Within the entries below, please return exactly the lines from the one with "Defense M4 V11" through the one with "Fred's Yurts", leaving out any pictures.
### Data for review ###
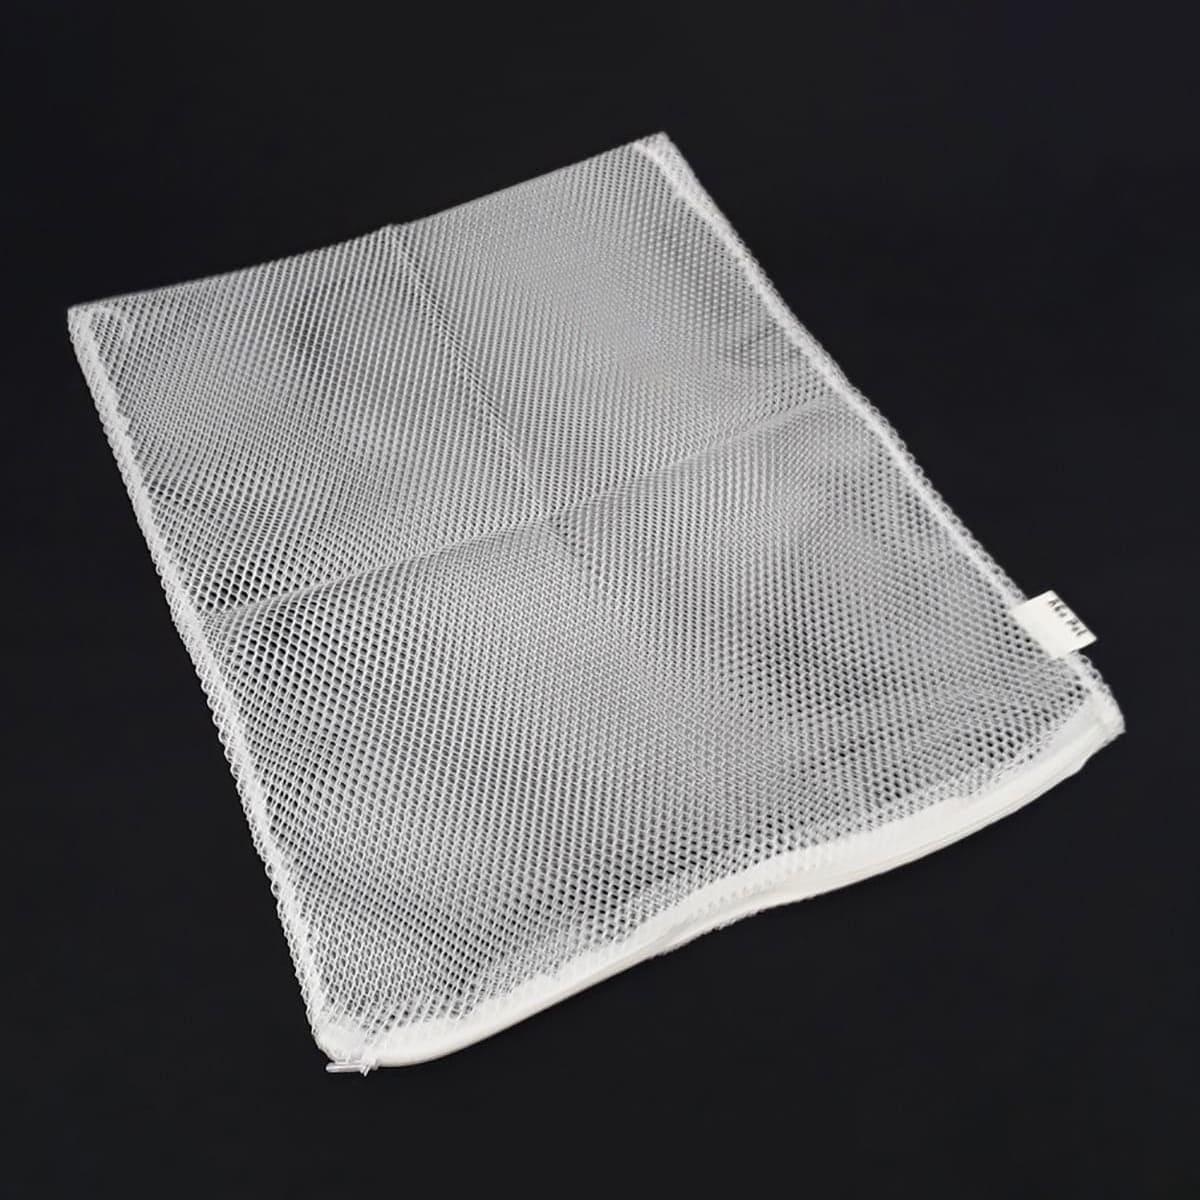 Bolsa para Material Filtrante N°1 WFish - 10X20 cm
###
### Data for review ###
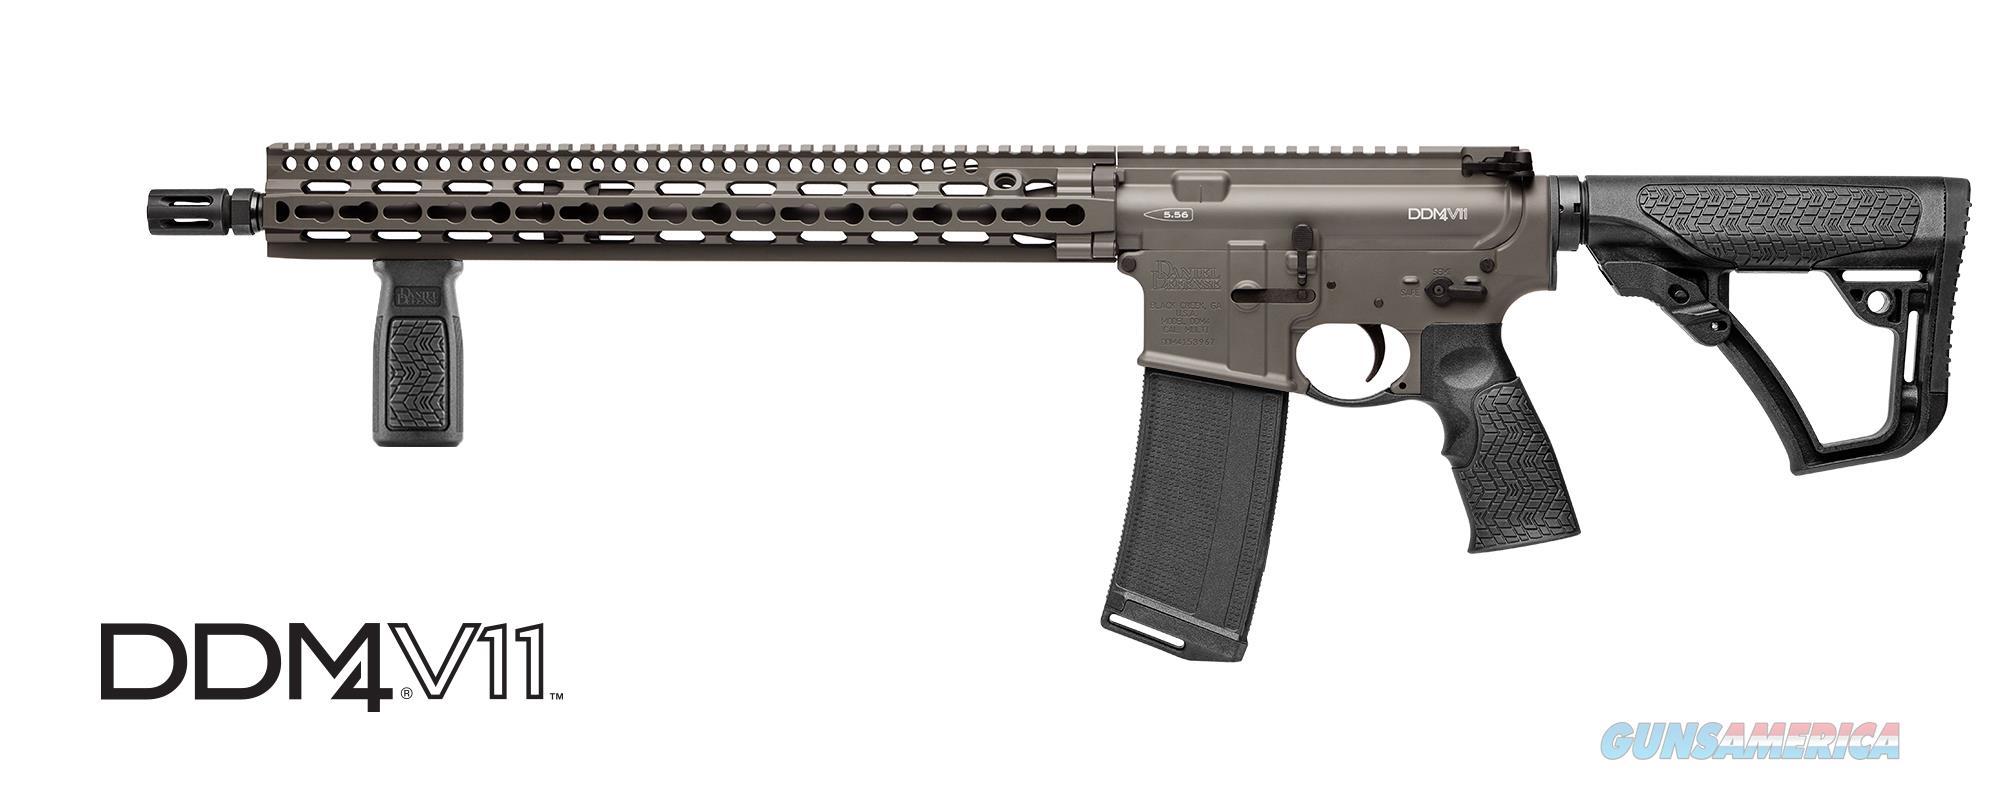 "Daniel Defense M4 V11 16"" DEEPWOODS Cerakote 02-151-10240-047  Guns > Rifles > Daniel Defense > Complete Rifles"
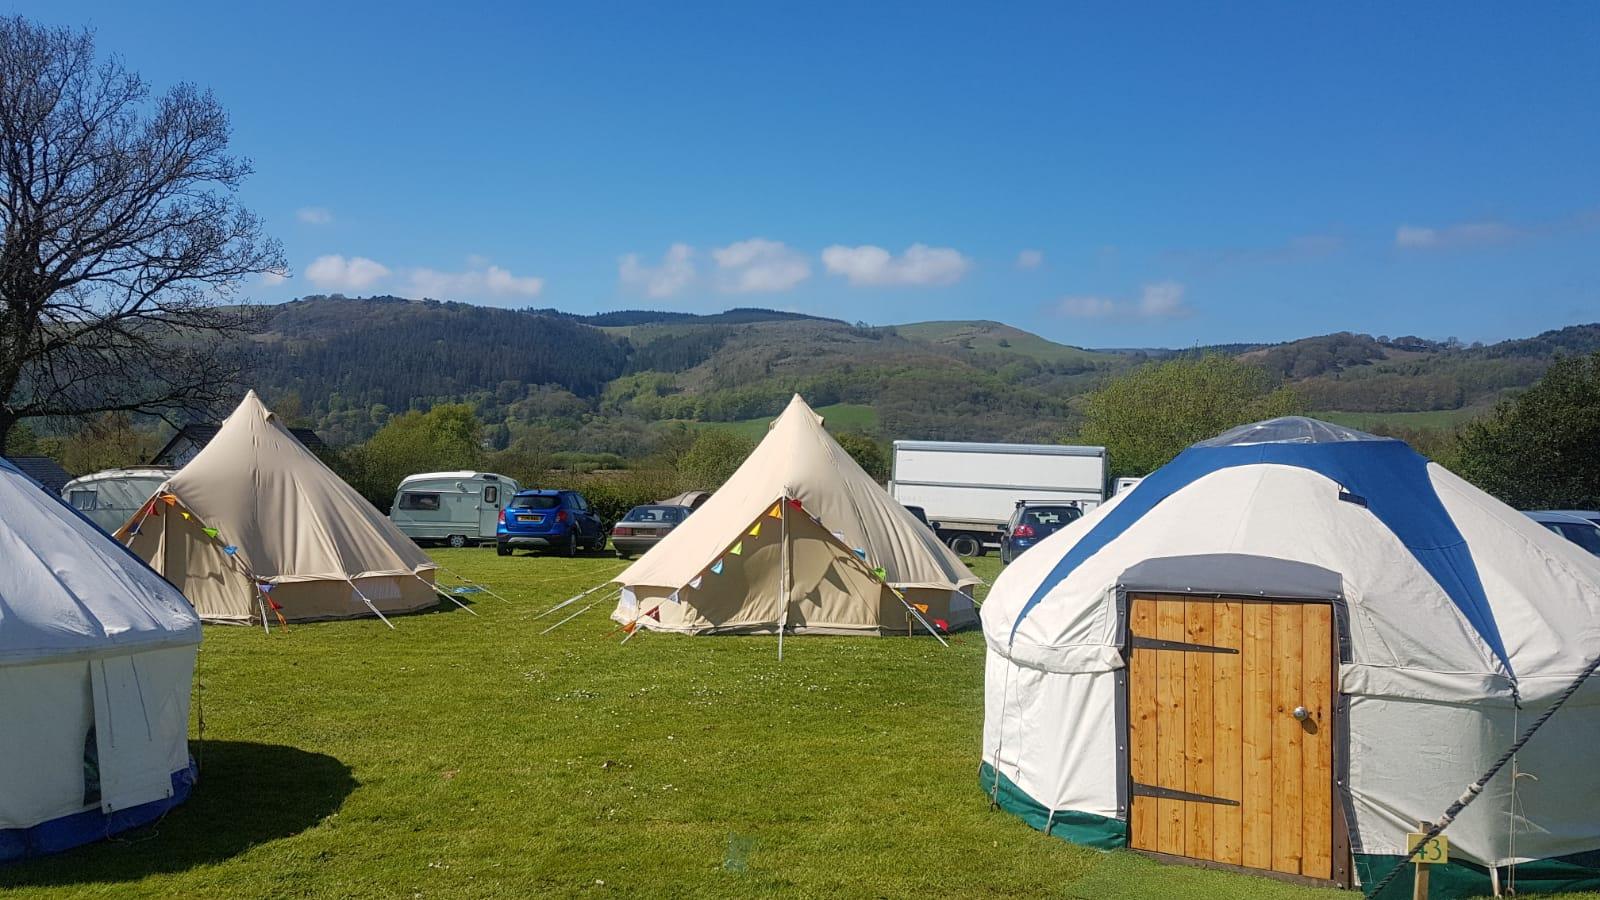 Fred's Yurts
###
### Data for review ###
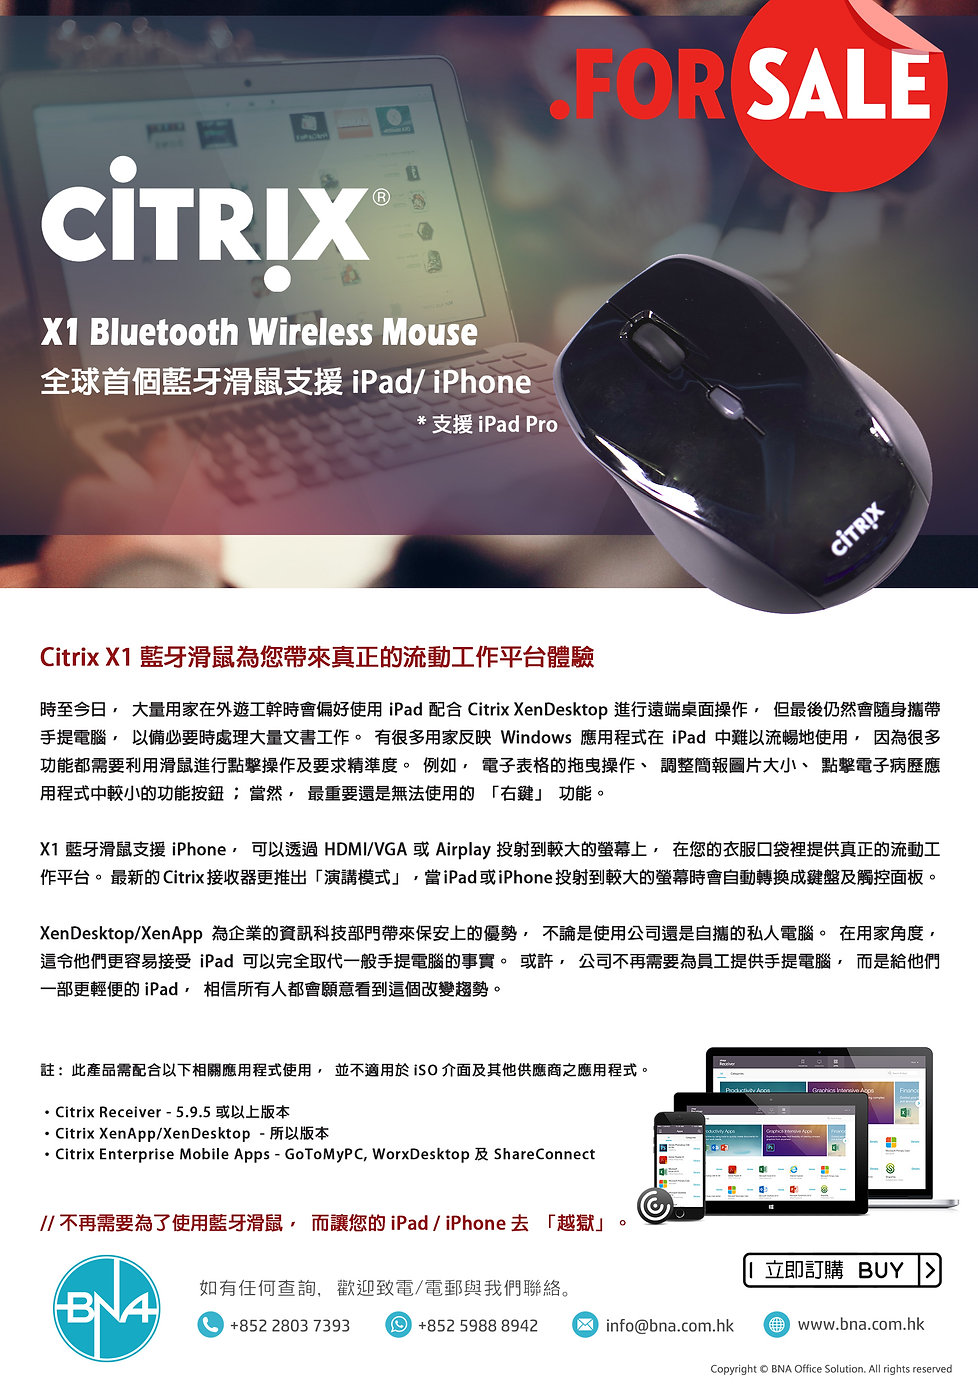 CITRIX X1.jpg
###
▶ **Reply**:
 "Daniel Defense M4 V11 16"" DEEPWOODS Cerakote 02-151-10240-047  Guns > Rifles > Daniel Defense > Complete Rifles"
 Fred's Yurts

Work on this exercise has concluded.